How is data written?

Understand how Cassandra writes and stores data.

Cassandra processes data at several stages on the write path, starting with the immediate logging of a write and ending in with a write of data to disk:
  • Logging data in the commit log
  • Writing data to the memtable
  • Flushing data from the memtable
  • Storing data on disk in SSTables

Logging writes and memtable storage

When a write occurs, Cassandra stores the data in a memory structure called memtable, and to provide configurable durability, it also appends writes to the commit log on disk. The commit log receives every write made to a Cassandra node, and these durable writes survive permanently even if power fails on a node. The memtable is a write-back cache of data partitions that Cassandra looks up by key. The memtable stores writes in sorted order until reaching a configurable limit, and then is flushed.

Flushing data from the memtable

To flush the data, Cassandra writes the data to disk, in the memtable-sorted order.. A partition index is also created on the disk that maps the tokens to a location on disk. When the memtable content exceeds the configurable threshold or the commitlog space exceeds the commitlog_total_space_in_mb, the memtable is put in a queue that is flushed to disk. The queue can be configured with the memtable_heap_space_in_mb or memtable_offheap_space_in_mb setting in the cassandra.yaml file. If the data to be flushed exceeds the memtable_cleanup_threshold, Cassandra blocks writes until the next flush succeeds. You can manually flush a table using nodetool flushor nodetool drain (flushes memtables without listening for connections to other nodes). To reduce the commit log replay time, the recommended best practice is to flush the memtable before you restart the nodes. If a node stops working, replaying the commit log restores to the memtable the writes that were there before it stopped.

Data in the commit log is purged after its corresponding data in the memtable is flushed to an SSTable on disk.

Storing data on disk in SSTables

Memtables and SSTables are maintained per table. The commit log is shared among tables.

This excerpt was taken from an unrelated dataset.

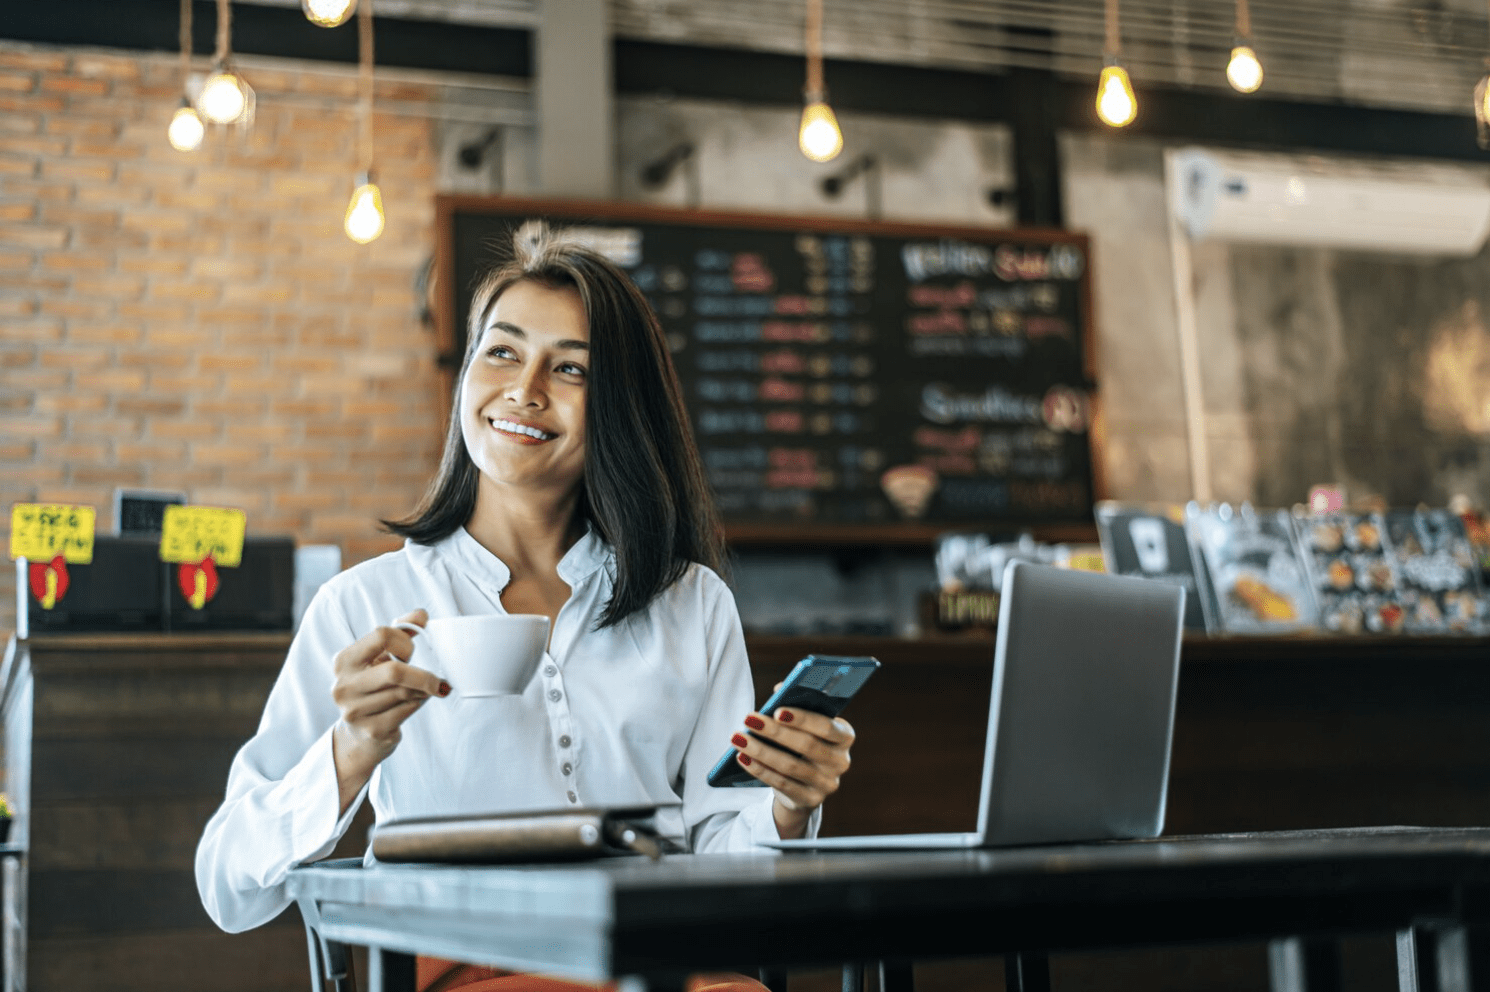 A small business owner is drinking coffee while working at her cafe. Merchant payment solutions can improve merchant experiences and loyalty, whether its resilient payment processing solutions to disbursements.
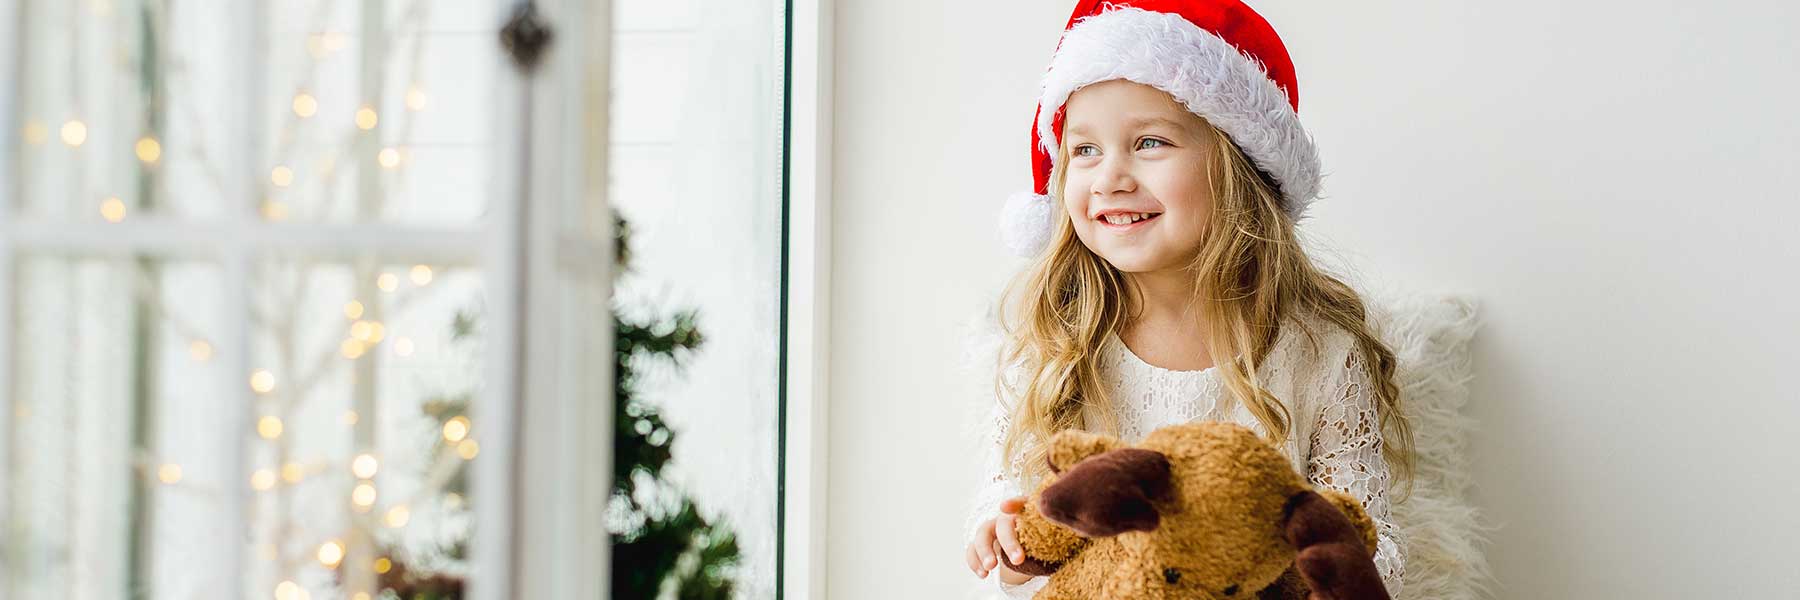 Christmas and Holiday Contact for Children | Morrison Kent Lawyers

SSTables are immutable, not written to again after the memtable is flushed. Consequently, a partition is typically stored across multiple SSTable files. A number of other SSTable structures exist to assist read operations:

For each SSTable, Cassandra creates these structures:

Data (Data.db)
The SSTable data
Primary Index (Index.db)
Index of the row keys with pointers to their positions in the data file
Bloom filter (Filter.db)
A structure stored in memory that checks if row data exists in the memtable before accessing SSTables on disk
Compression Information (CompressionInfo.db)
A file holding information about uncompressed data length, chunk offsets and other compression information
Statistics (Statistics.db)
Statistical metadata about the content of the SSTable
Digest (Digest.crc32, Digest.adler32, Digest.sha1)
A file holding adler32 checksum of the data file
CRC (CRC.db)
A file holding the CRC32 for chunks in an a uncompressed file.
SSTable Index Summary (SUMMARY.db)
A sample of the partition index stored in memory
SSTable Table of Contents (TOC.txt)
A file that stores the list of all components for the SSTable TOC
Secondary Index (SI_.*.db)
Built-in secondary index. Multiple SIs may exist per SSTable

The SSTables are files stored on disk. The naming convention for SSTable files has changed with Cassandra 2.2 and later to shorten the file path. The data files are stored in a data directory that varies with installation. For each keyspace, a directory within the data directory stores each table. For example, /data/data/ks1/cf1-5be396077b811e3a3ab9dc4b9ac088d/la-1-big-Data.db represents a data file. ks1 represents the keyspace name to distinguish the keyspace for streaming or bulk loading data. A hexadecimal string, 5be396077b811e3a3ab9dc4b9ac088d in this example, is appended to table names to represent unique table IDs.

Cassandra creates a subdirectory for each table, which allows you to symlink a table to a chosen physical drive or data volume. This provides the capability to move very active tables to faster media, such as SSDs for better performance, and also divides tables across all attached storage devices for better I/O balance at the storage layer.